[seqfan] Re: Crypto EllipticK & A000984

Brad Klee bradklee at gmail.com
Mon Jul 24 21:59:31 CEST 2017


Hi Sven and All,

Funny insight. As for /decryption/, sometimes it seems like an immediate
research task. A difficult research article is not a ciphertext, but there
is an analogy. It's also important to think for yourself and produce
interesting results. Maybe you would call it /encryption/ if the results
are difficult for a reader to understand.

For example, to someone young and relatively less-educated, it's difficult
to understand even a small part of the original article by Harold Edwards (
cf.
http://www.ams.org/journals/bull/2007-44-03/S0273-0979-07-01153-6/home.html
). Edwards is also constructing parameterized solutions; though, in more
generality.

The approach via polar coordinates and high-school calculus leads to not
just one, but two integrals for the same parameterization.
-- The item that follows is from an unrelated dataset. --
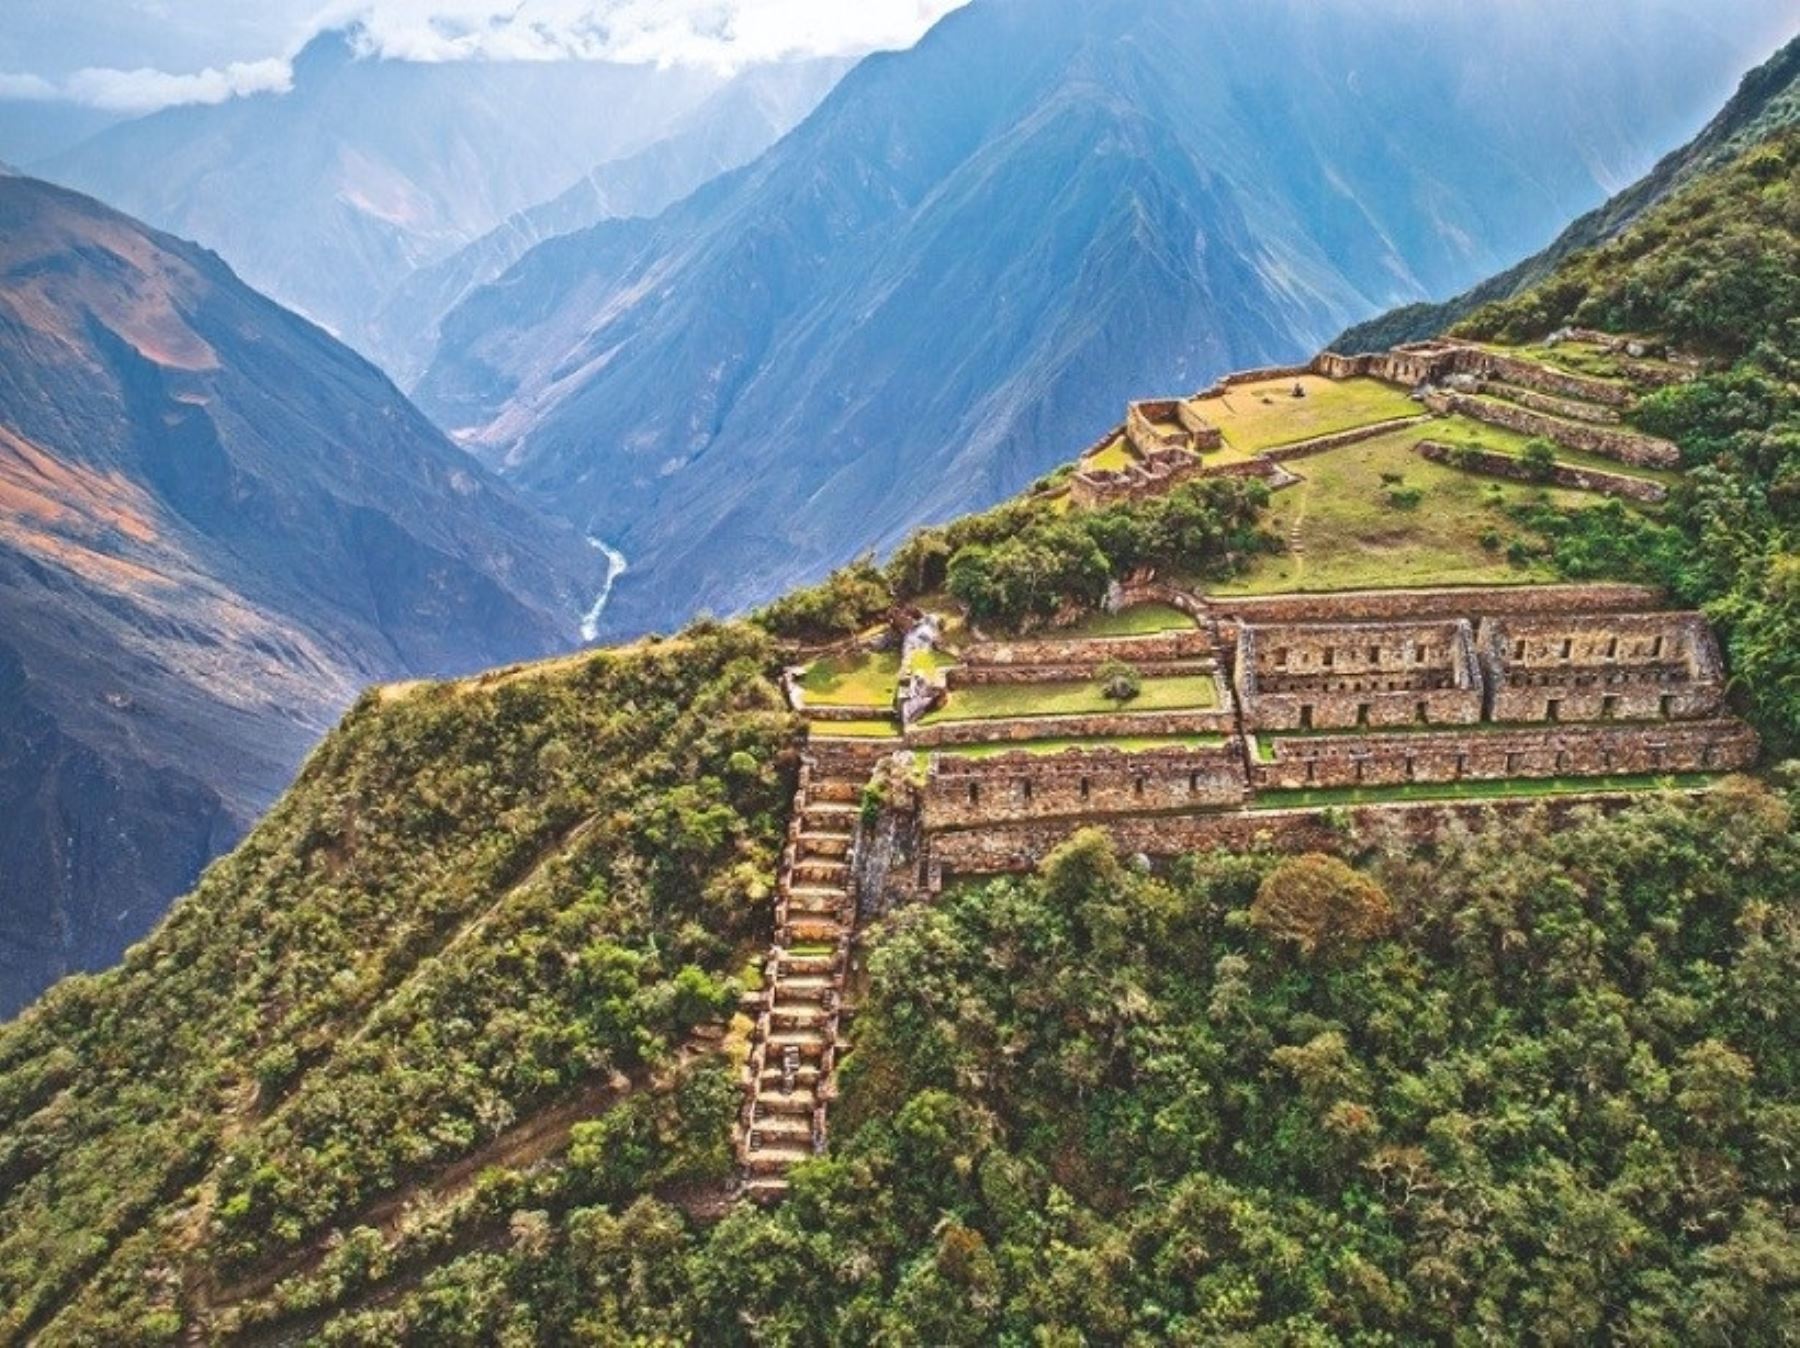 El complejo arqueológico Choquequirao, ubicado en Cusco, fue elegido por National Geographic como uno de los cinco mejores destinos de aventura para visitar el 2023.

The first is
described above, the second is easier:

* Rewrite the curve in Hamiltonian form:  a = x^2 + y^2 + x^2*y^2
* And in polar coordinates: a = r^2 - Z^2*r^4, where Z = 1/2*sin(2*phi) =
cos(phi)*sin(phi)
* Assume real "a" and take the circular solution around surface minimum
a,x,y=0:
                r = sqrt( 1/(2*Z^2)*(1 - sqrt( 1 - 4*a *Z^2 ))
* Calculate: dt =dphi* d(r^2)/da = dphi / sqrt(1-4*a*Z^2), as above !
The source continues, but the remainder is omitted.